▸ **Provided records**:
Segment Open
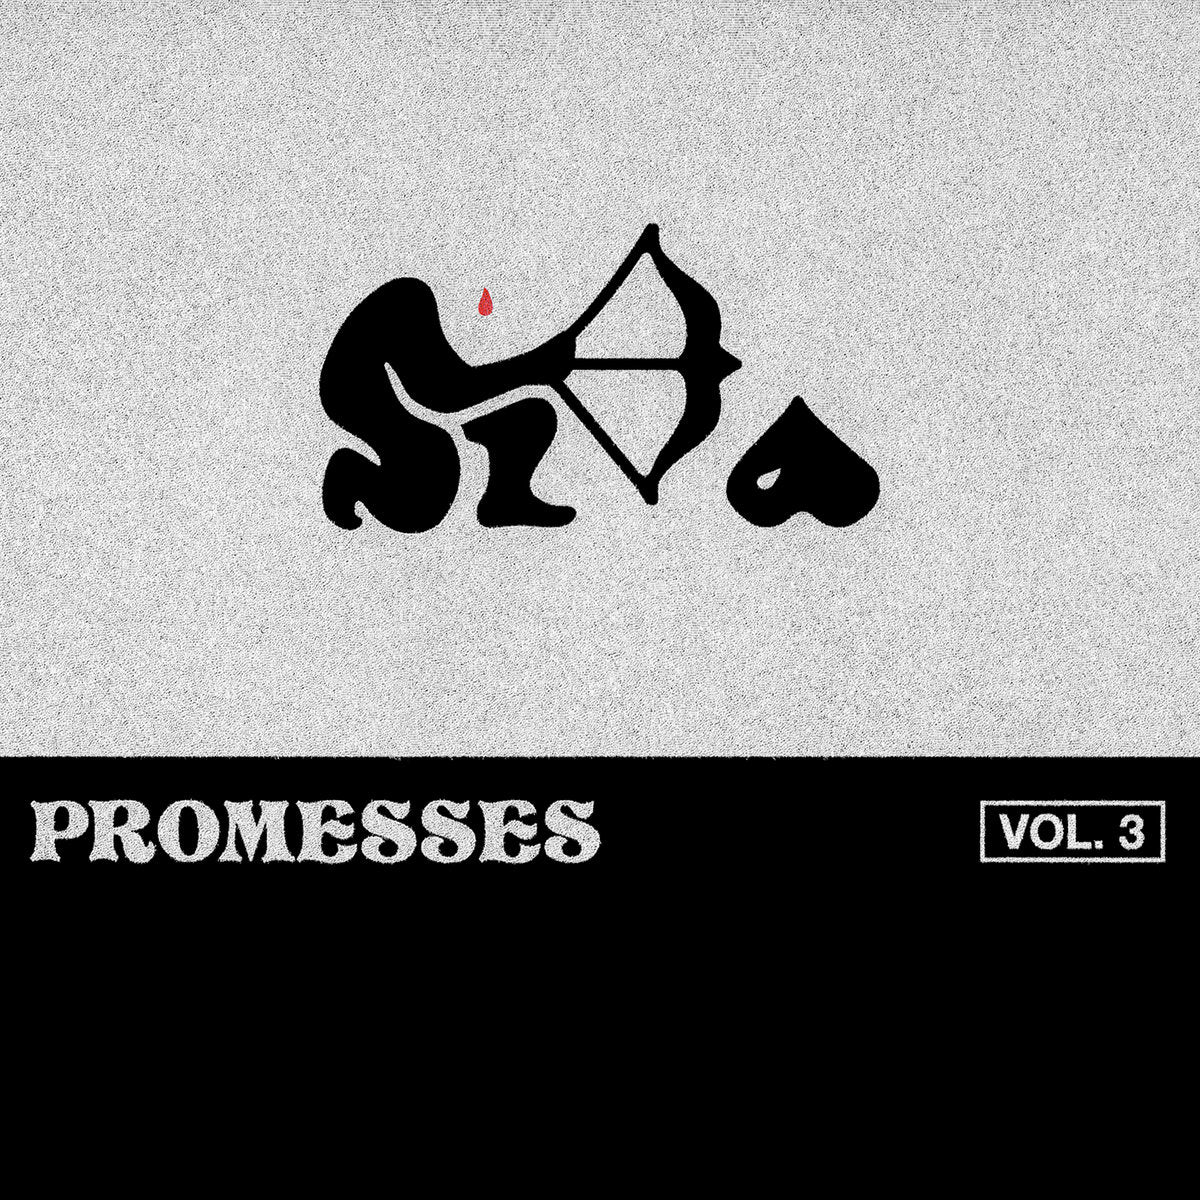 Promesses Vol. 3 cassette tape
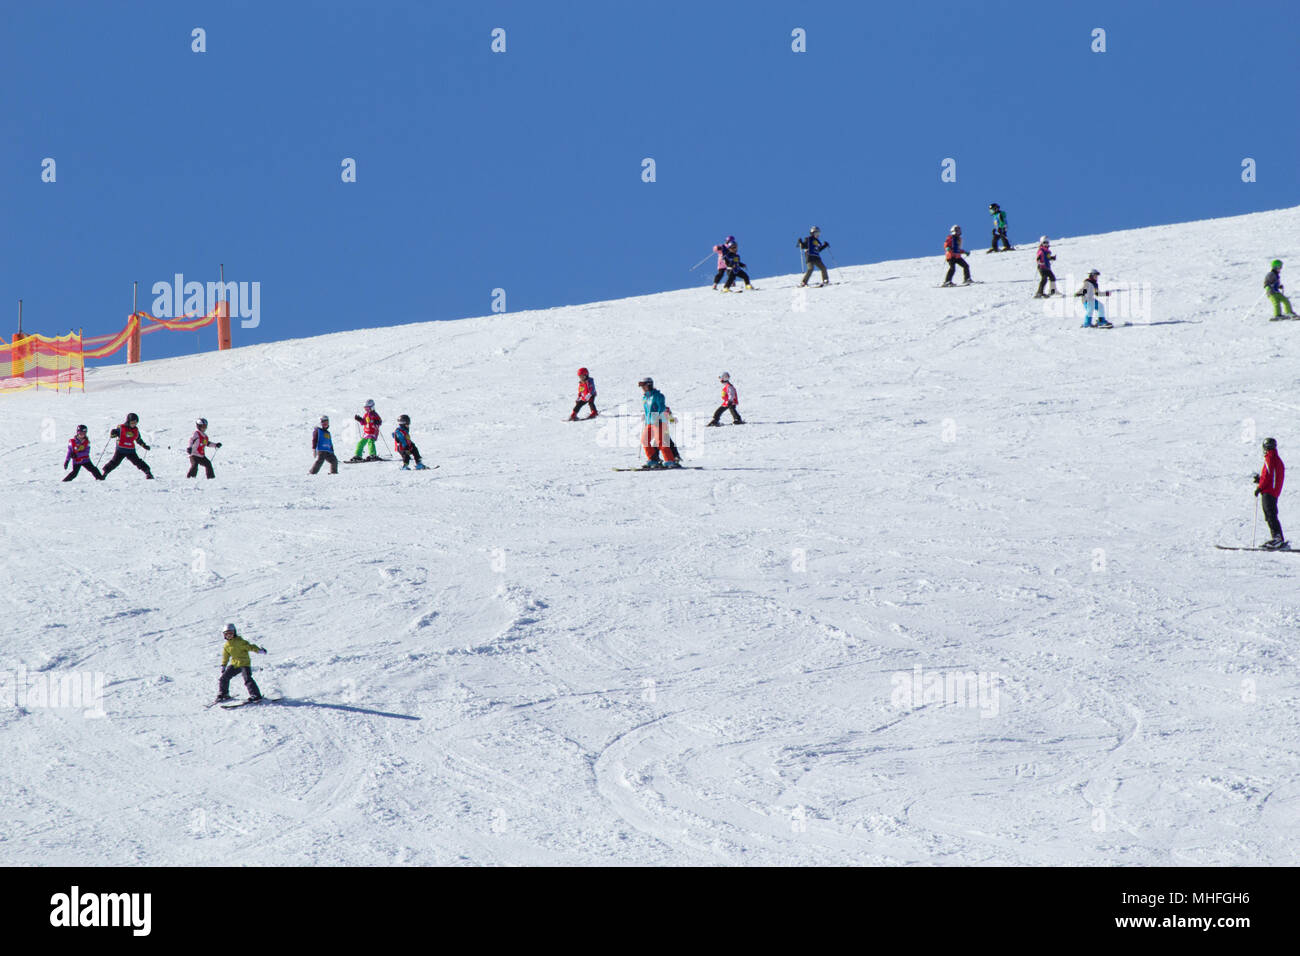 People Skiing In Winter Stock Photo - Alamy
Segment Closed
Segment Open
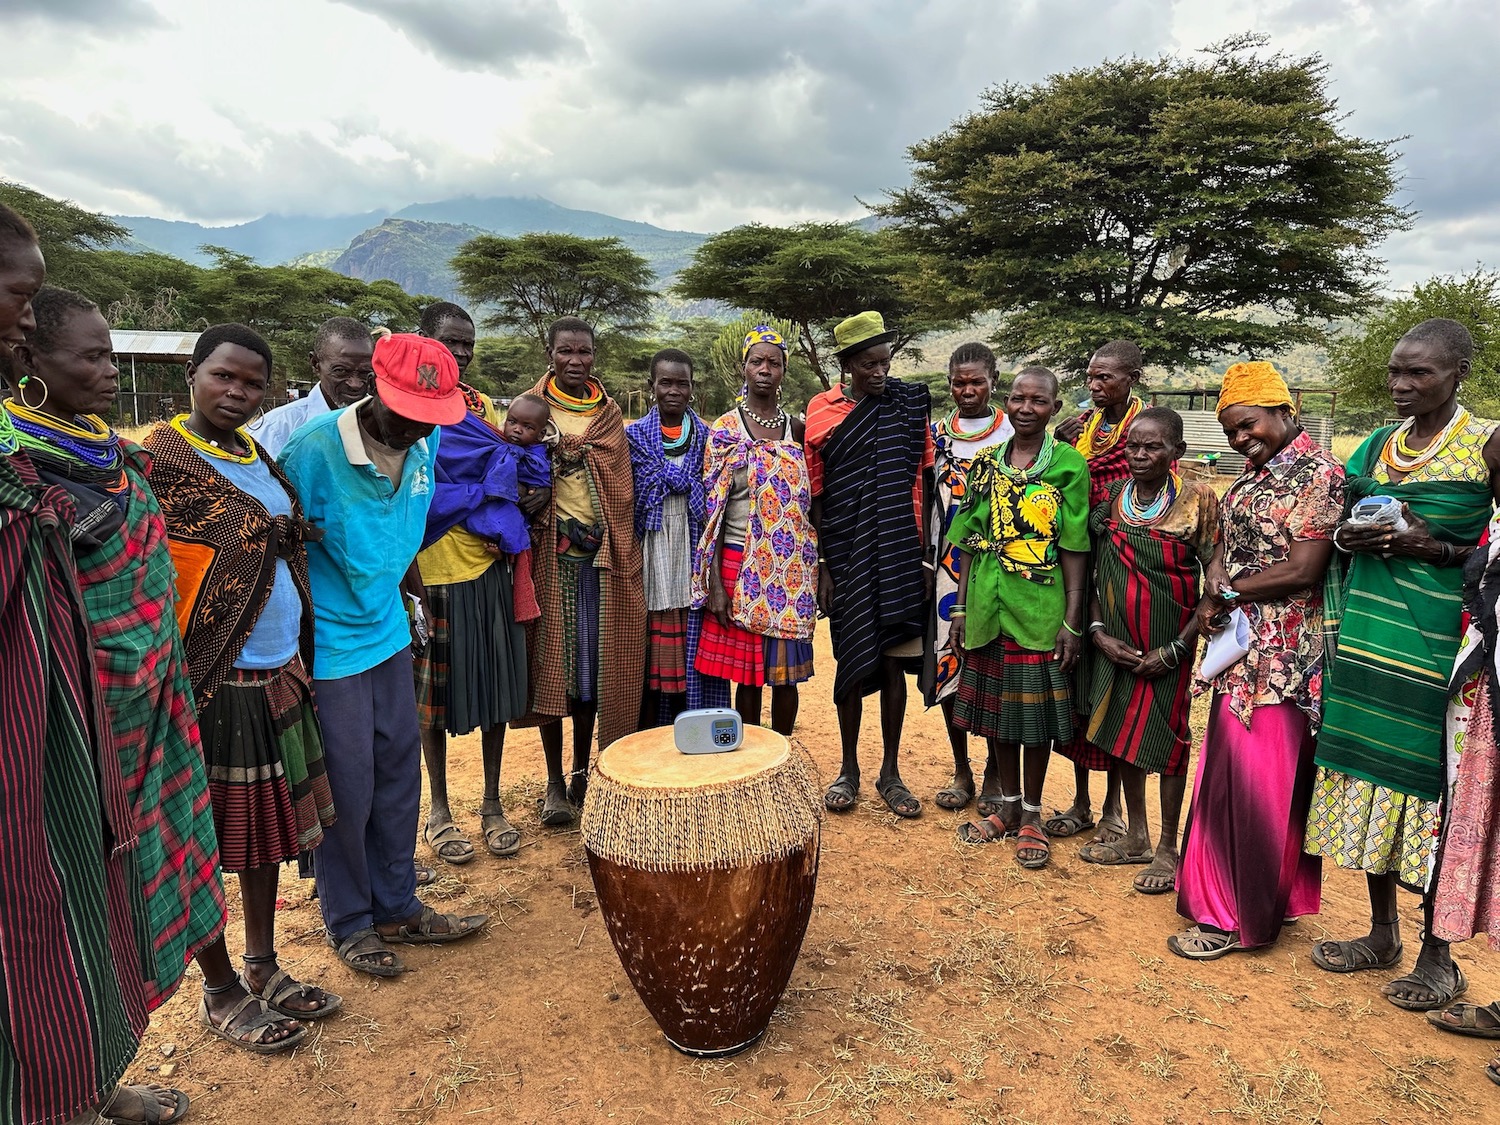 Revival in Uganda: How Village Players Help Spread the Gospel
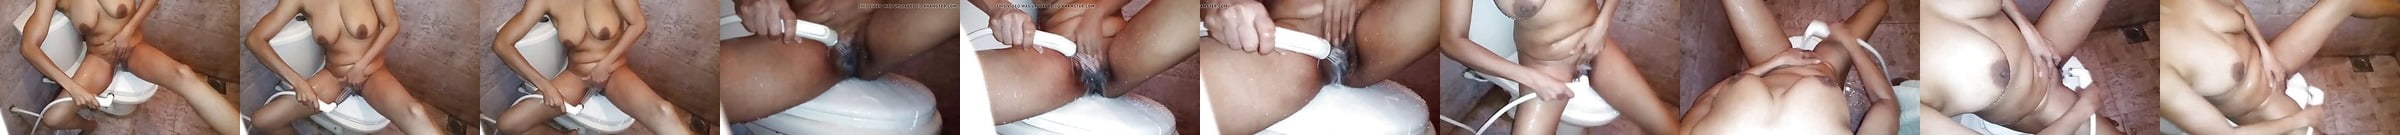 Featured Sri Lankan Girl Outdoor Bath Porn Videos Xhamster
Segment Closed
▸ **Work order**:
Repeat exactly the stretch of the listing above that starts with the line holding "Promesses Vol. 3 cassette tape" and finishes with the line holding "People Skiing In Winter Stock Photo - Alamy", both included. Skip every picture.

▸ **Finished exercise**:
 Promesses Vol. 3 cassette tape
 People Skiing In Winter Stock Photo - Alamy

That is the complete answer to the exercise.